The idea that adopting children will pollute the covenant line of generations in the church. ~Bill Gothard
Unrealistic expectations of others, and the church. Legalists expect others to rubber-stamp their version of discipleship. They exhibit frustration with people who do not respond the way the legalist thinks they should.
Drive-by guiltings. Modern legalists guilt-trip the ‘average’ christian who lives an average, everyday kind of life. Such as Christians who have no special ‘passion’ or ‘cause’. This is in spite of 1 Tim. 2:2.
Money policing, where one watches what and where others spend their money and judge them by it.
Using the Bible literally
Treating the Bible like it is a life-manual. The legalist has a passage and category for everything we encounter in life, even dressing and eating. They implement Old Testament fasting rituals & practices, as well as various other eating habits. Some consider it more biblical, and therefore more holy, to eat green, vegan, or organic. They find foods in the bible to use as God’s medicine while shunning Big Pharma in the process. They condemn those who take manufactured medicines instead of using biblical remedies.
Idolatry of doctrine
Legalism not only makes for self-righteousness, it makes an idol out of the legalist’s version of doctrinal purity. They endlessly pursue of the ‘most pure’ preaching, according to their standards.
They are able to see all the imperfections in the preaching, the minister, or their fellow members. In their zeal for this elusive ‘purest church’, they finally join the growing home-church movement. To the legalist it is more holy to worship alone in their home or with a few other like-minded families, than join a church with preaching or people that are not holy enough.
The legalist readily forsakes the preaching which God provided in the local church for the preaching of their own devising. This is in spite of their solemn affirmation of God’s sovereignty in all other matters except this one.
15 more manifestations of legalism
Blogger Steve Smith lists them, here for part one, and here for part two.

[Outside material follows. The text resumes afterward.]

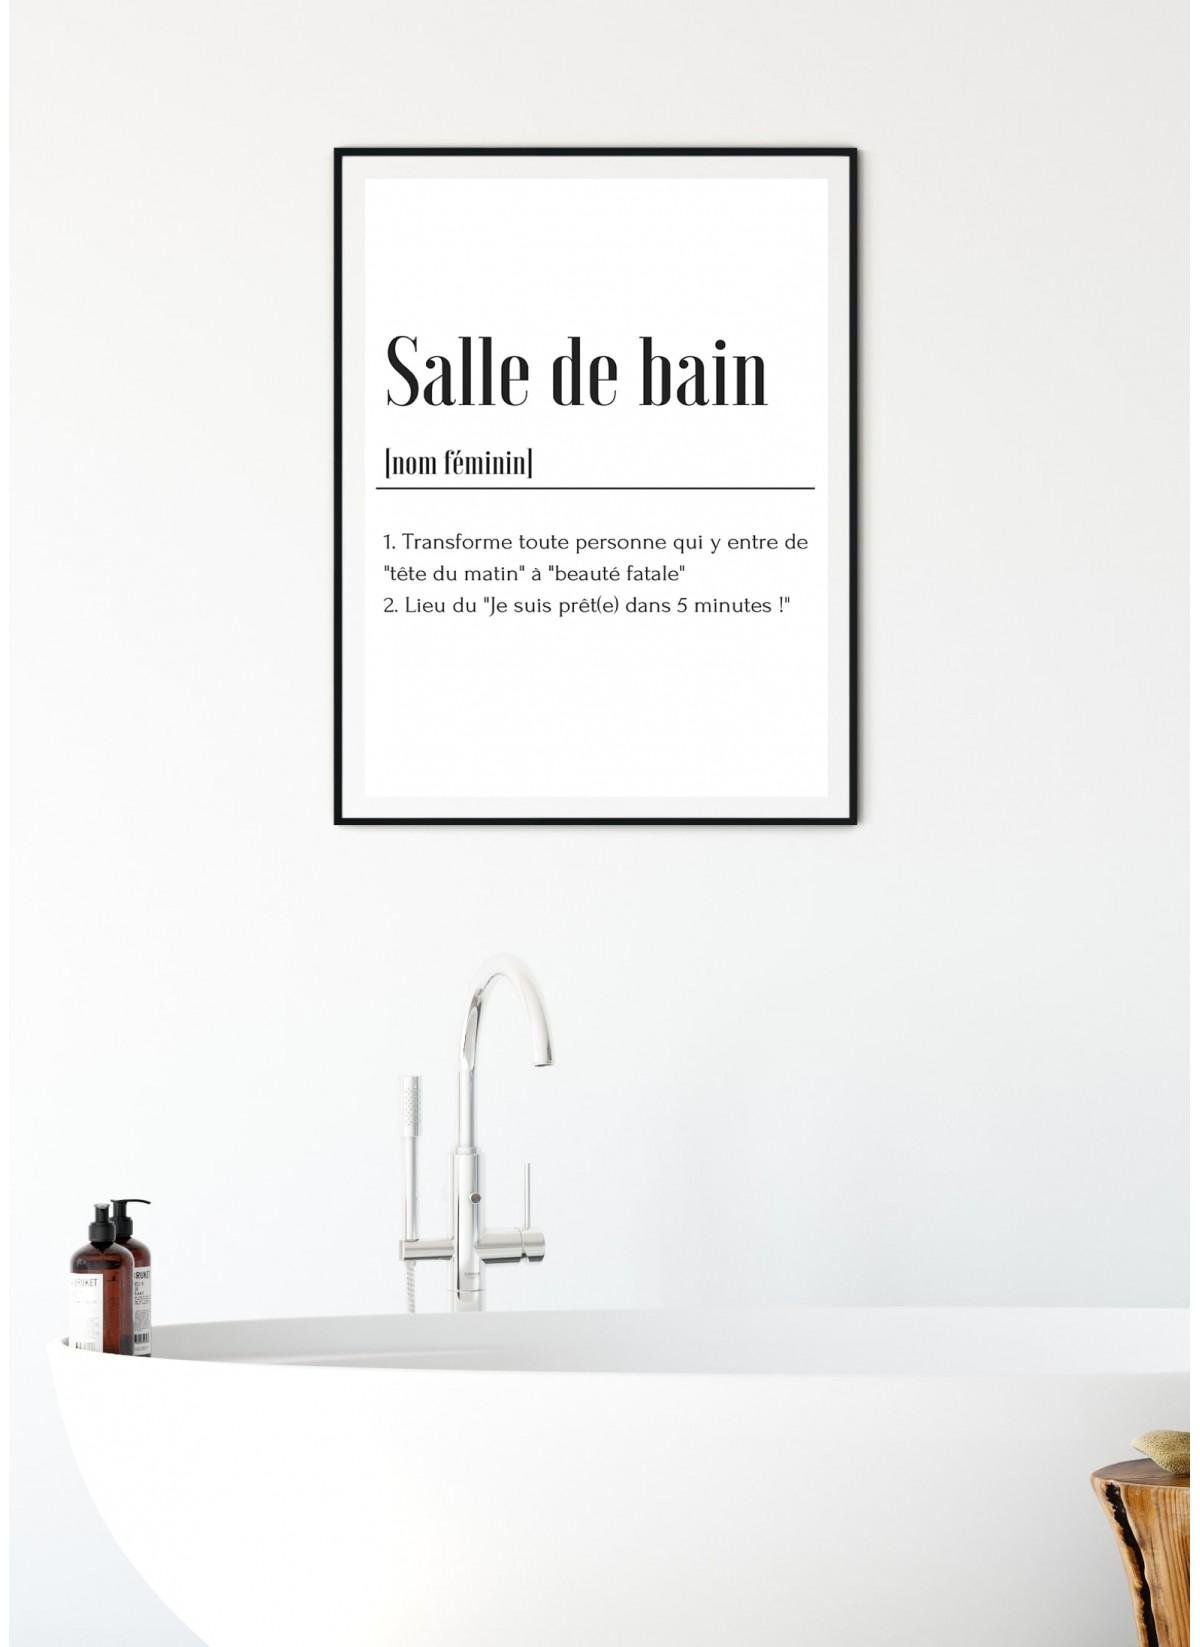 New Une Salle De Bains Meaning

These manifestations of legalism in a person are: fearful, divisive, masochistic, conformist, scandalized, separatist, cosmetic, security, correctness, trite and unbalanced, legislation/control, simplistic, religiosity, materialism, and idolatry.
Legalism is the issue that Jesus instructed against the most in his earthly ministry. He battled the Pharisees who had foisted legalism onto the nation, and therefore his church.
Since we are prone to legalism by nature, we must fight against it in our own minds and hearts. As a church, legalism may not be the lens through which we interpret or understand the Bible. Nor may we replace the Bible and Christian liberty with legalism’s world-and-life view to define the Christian’s walk.